**TASK ITEM:** Images are to be left out; everything else in the listing should be repeated exactly.

**COLLECTED DATA:**
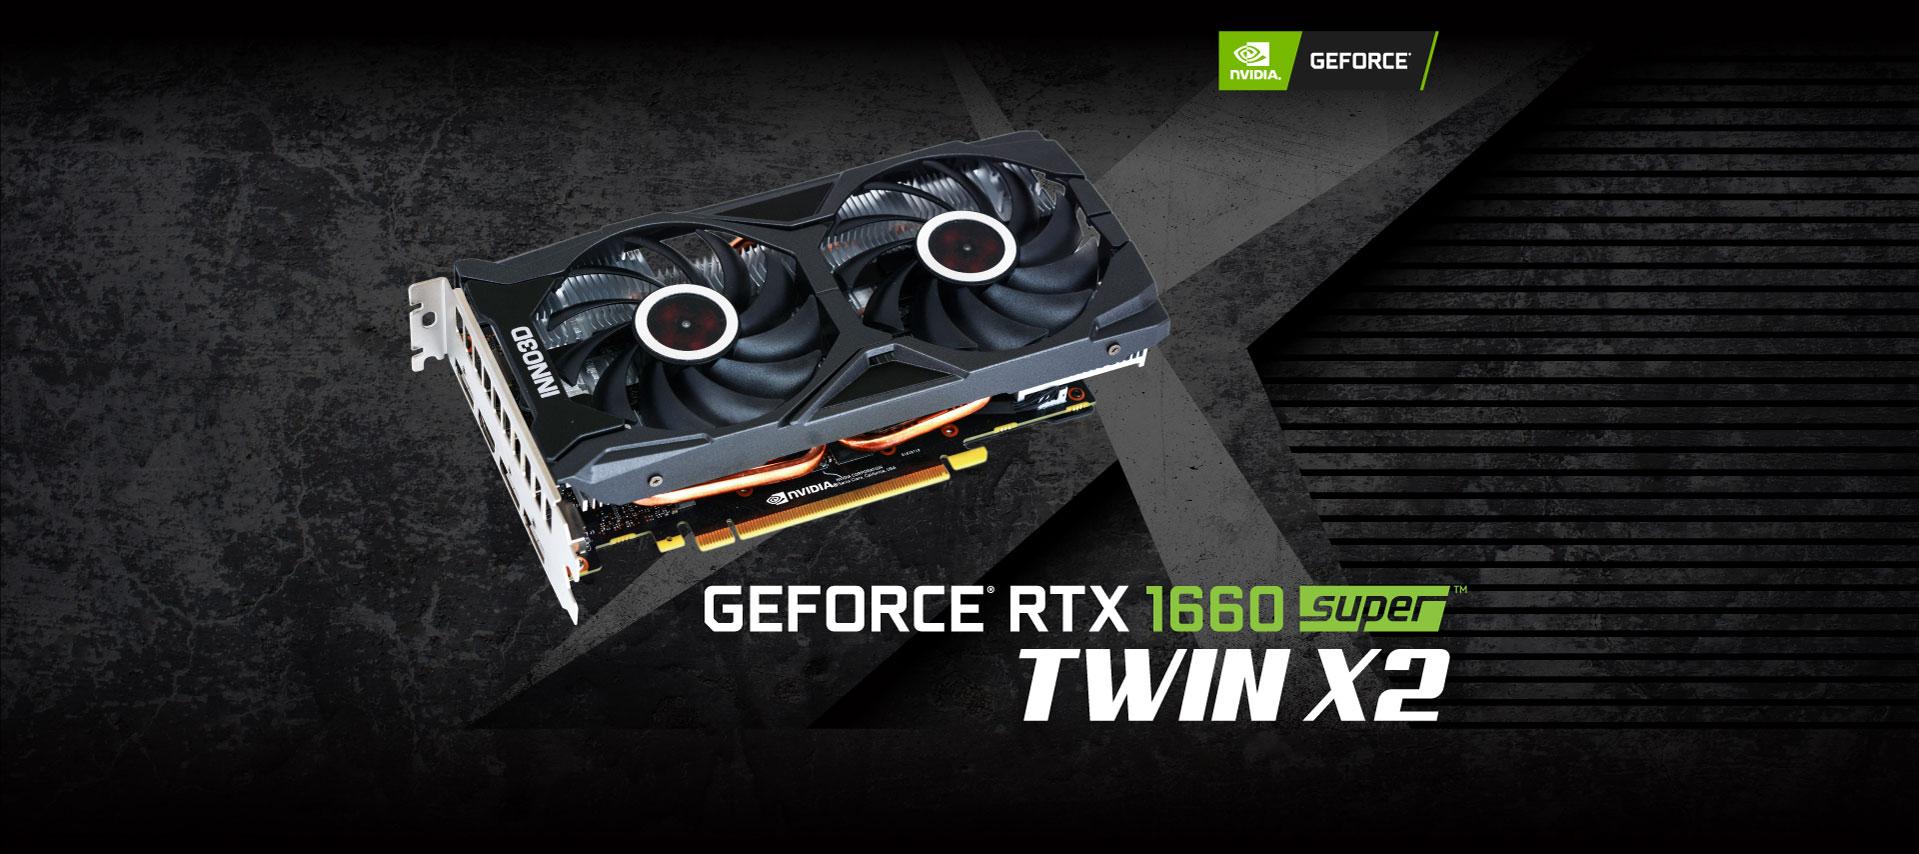 Inno3d GeForce GTX 1660 Super Twin X2 6GB GDDR6 192-bit Gaming Graphics Card
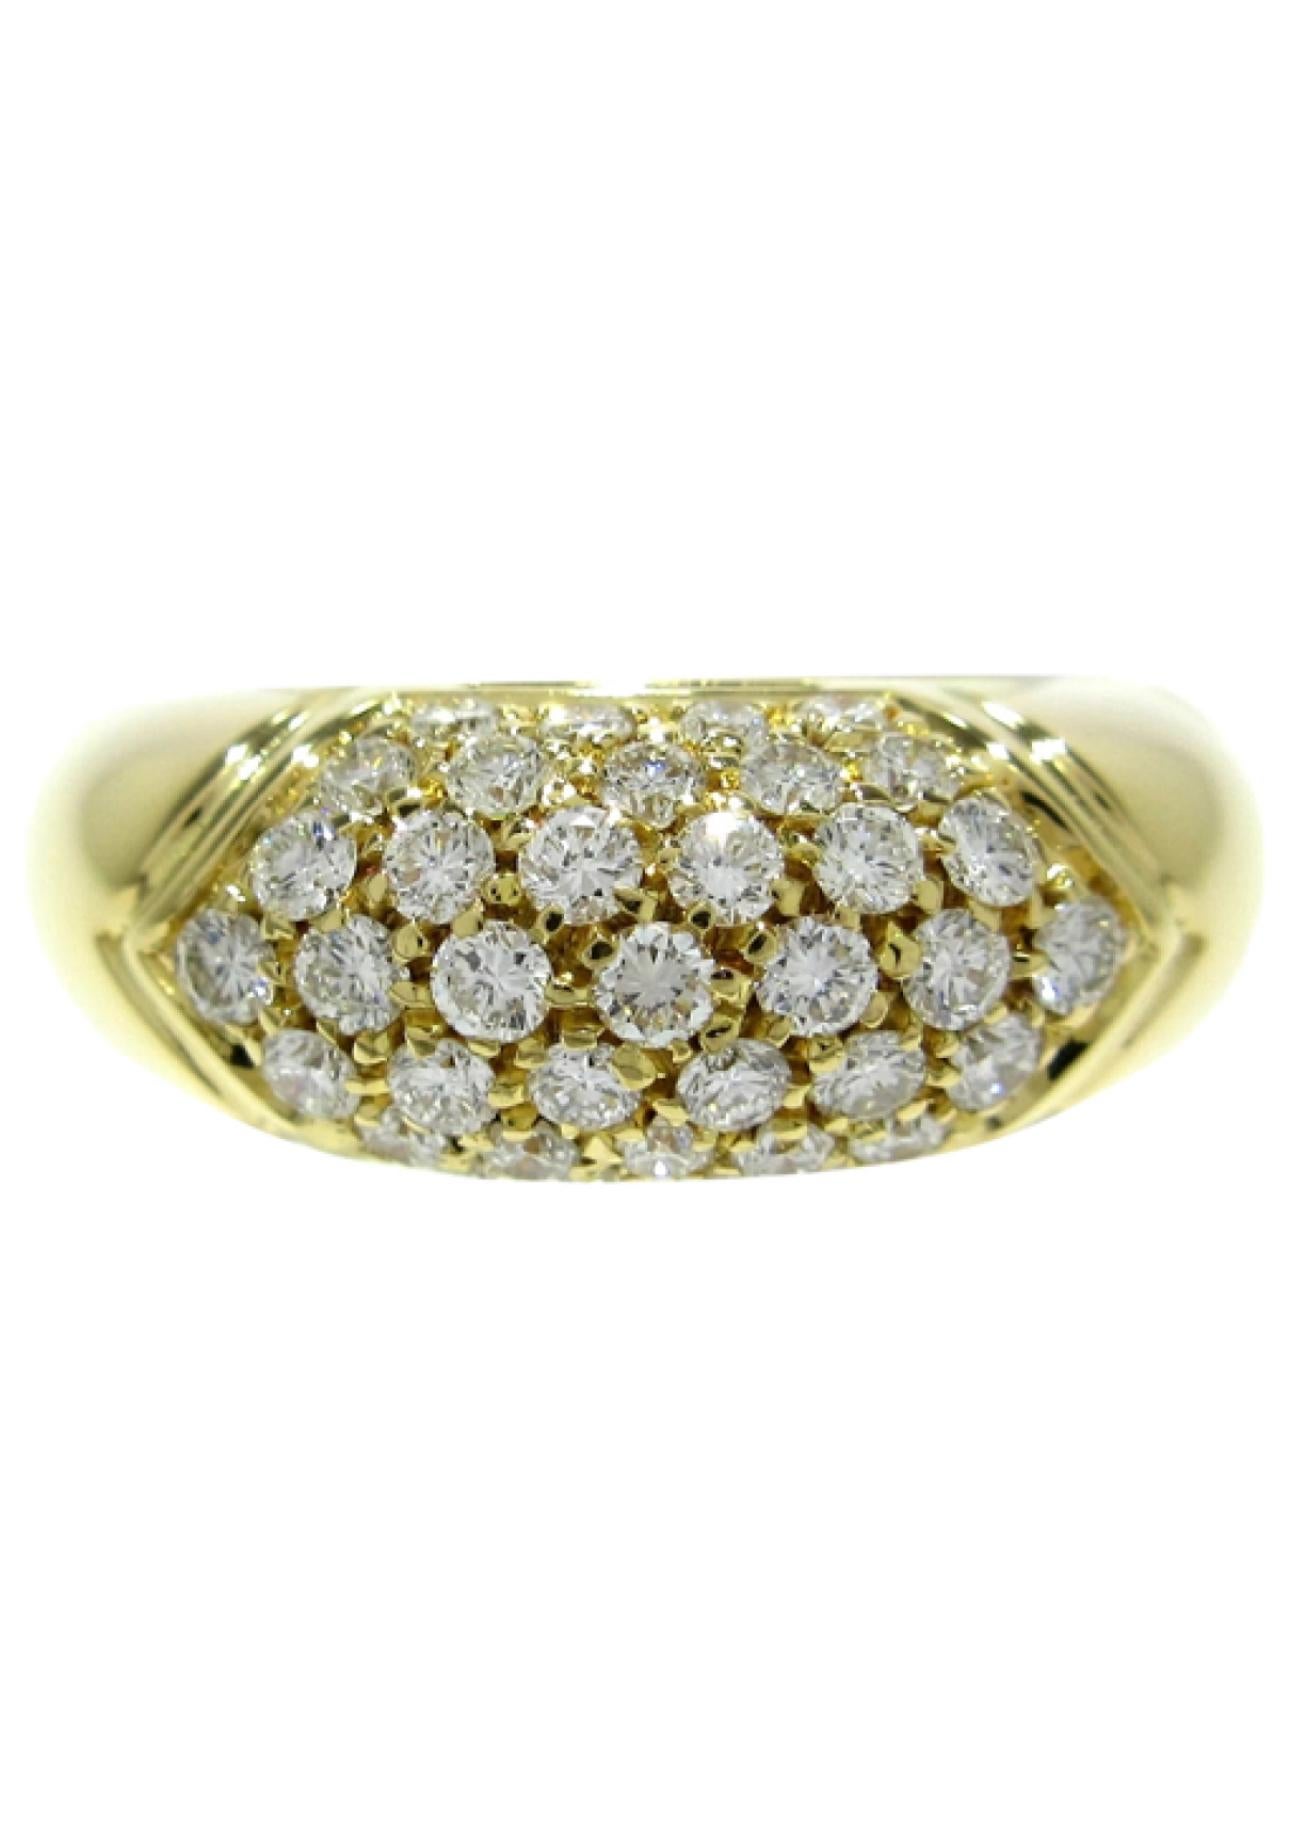 Vintage Glamour Tronchetto Ring entworfen von Bvlgari.

Ein geometrisches Ringband, das in Rom, Italien, vom Haus Bulgari aus massivem Gelbgold gefertigt wurde.  18 Karat Gold, mit 1 Karat farblos funkelnden Diamanten im Brillantschliff. Datiert
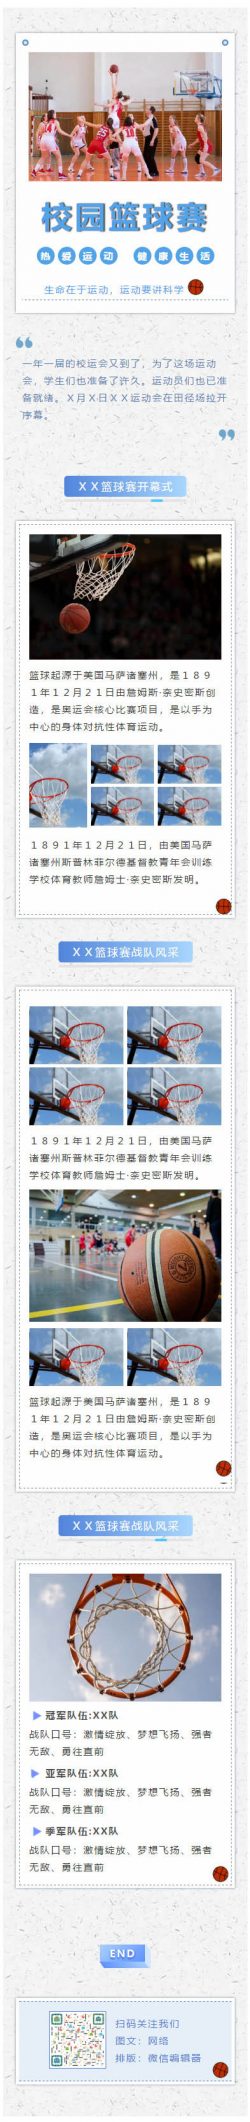 校园篮球赛学校大学运动会校运会教育素材微信模板推送图文章

**EXERCISE RESPONSE:**
 Inno3d GeForce GTX 1660 Super Twin X2 6GB GDDR6 192-bit Gaming Graphics Card
 Vintage Glamour Tronchetto Ring entworfen von Bvlgari.

Ein geometrisches Ringband, das in Rom, Italien, vom Haus Bulgari aus massivem Gelbgold gefertigt wurde.  18 Karat Gold, mit 1 Karat farblos funkelnden Diamanten im Brillantschliff. Datiert
 校园篮球赛学校大学运动会校运会教育素材微信模板推送图文章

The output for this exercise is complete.